"Санктъ-Петербургъ-опера" показала премьеру — "Паяцев". За тем, как основатель и худрук театра Юрий Александров использовал оперу Руджеро Леонкавалло в личных целях, наблюдал ДМИТРИЙ РЕНАНСКИЙ.
Выпущенные вдогонку посвященным 60-летию Юрия Александрова торжествам "Паяцы" смотрятся исповедью, в которой юбиляр сводит счеты с теми, кто находится по ту и по эту сторону рампы. Господин Александров и раньше замешивал сюжеты своих спектаклей на желчной жанровой саморефлексии, но в "Паяцах" сценический разговор о профессионально насущном получился у него особенно личным и откровенным. Сценография Вячеслава Окунева, конечно, обобщает рассказываемую режиссером историю — декорация второго акта пародирует тот привычно сочный китч, в который всегда упаковывали развязку "Паяцев", а первое действие постановки разыгрывается в безликом закулисье, похожем на все театральные задворки разом. Но когда вскоре после поднятия занавеса на сцене замечаешь реальную афишу александровских "Паяцев", мозолившую глаз на петербургских улицах, становится очевидным, что события спектакля разворачиваются не где-нибудь, а прямиком в "Санктъ-Петербургъ-опере".
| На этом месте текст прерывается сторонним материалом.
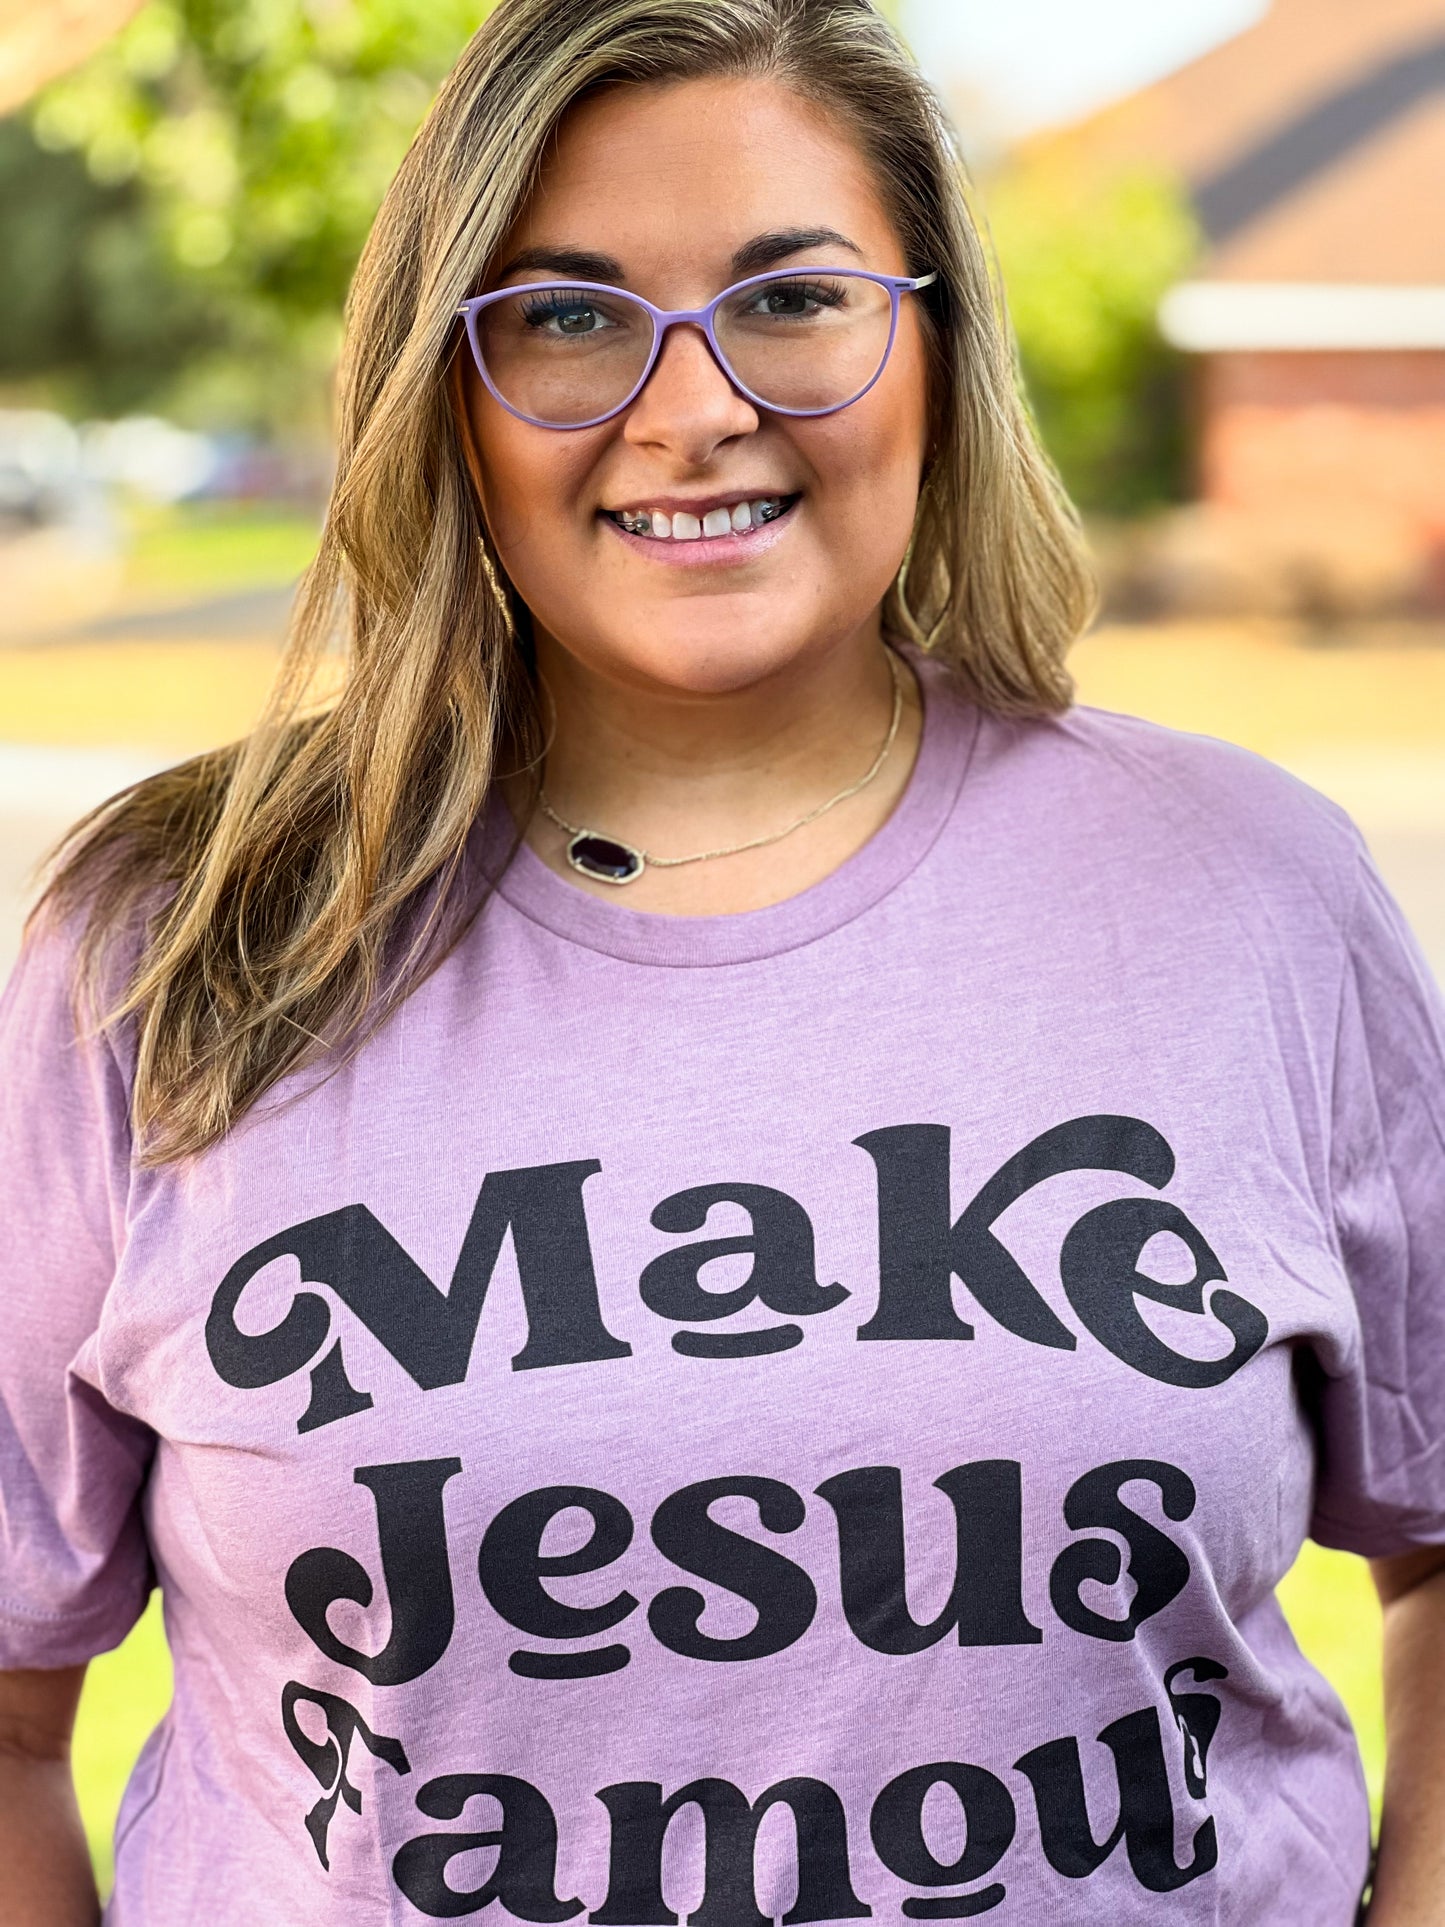 Make Jesus Famous

Предписанных либретто бродячих комедиантов и разомлевших под сицилийским солнцем крестьян, конечно, нет и в помине. В первом акте история неуставных отношений в театральной труппе разворачивается на фоне предпремьерной суеты, отягощенной адюльтером изменяющей стареющему мужу-режиссеру с моложавым героем-любовником примадонны. Пришедшие на брифинг по случаю выпуска новой постановки оперы Леонкавалло критики жадно налетают на фуршет: господин Александров обрушивается на акул пера всей силой фирменного сарказма. Когда после антракта действие выплескивается в зрительный зал, постановщик направляет филиппики в сторону публики — картинно занимающих места в партере расфуфыренных нуворишей, норовящих после самых катарсических кульминаций погромче заорать неуместное "браво".
Анекдотичные околичности эффектно оттеняют главные смыслы спектакля: театр для режиссера — территория тотального притворства. Сначала репликами пролога "Паяцев", убеждающими публику в неподдельности оперных слез и страданий, у господина Александрова издевательски жонглирует трио вернувшихся с репетиции и занятых снятием грима актеров, лучше других знающих, что в театре нет ничего истинного. Потом выяснение отношений между примадонной и ее мафиозного вида любовником наивная радиожурналистка принимает за репетицию любовного дуэта. Едва ли не впервые в сценической истории оперы Леонкавалло Недда выведена не падшей овцой, а воплощением прожженной театральной вульгарности: в финале Канио убивает ее не столько из ревности, сколько в порыве мести — за профанацию высоких идеалов, за то, что превратила храм искусства в гнездо разврата.
Стоящий на авансцене Канио вытягивает руки в неумолимой попытке противостоять грозящим раздавить его створкам медленно сдвигающегося занавеса — ключевой монолог главного героя, арию "Смейся, паяц" господин Александров увенчал мизансценой столь же красноречивой, сколь и автобиографичной. Это ведь хозяин "Санктъ-Петербургъ-оперы" всю творческую жизнь шел против театрально-игровой природы своего таланта и, вместо того чтобы отдаться власти безудержного карнавала, вязал причинно-следственные кружева жизненных соответствий. Правда театра всегда конфликтовала у господина Александрова с правдой жизни, но только в "Паяцах" режиссеру удалось сделать этот конфликт смыслообразующим. Уже после трагического финала участники представления успевают под последние аккорды оркестра выбежать на поклоны, пытаясь перевести все происходившее на сцене в шутку — но новенькие "санктъ-петербургские" "Паяцы" слишком серьезное режиссерское высказывание, чтобы в него не поверить.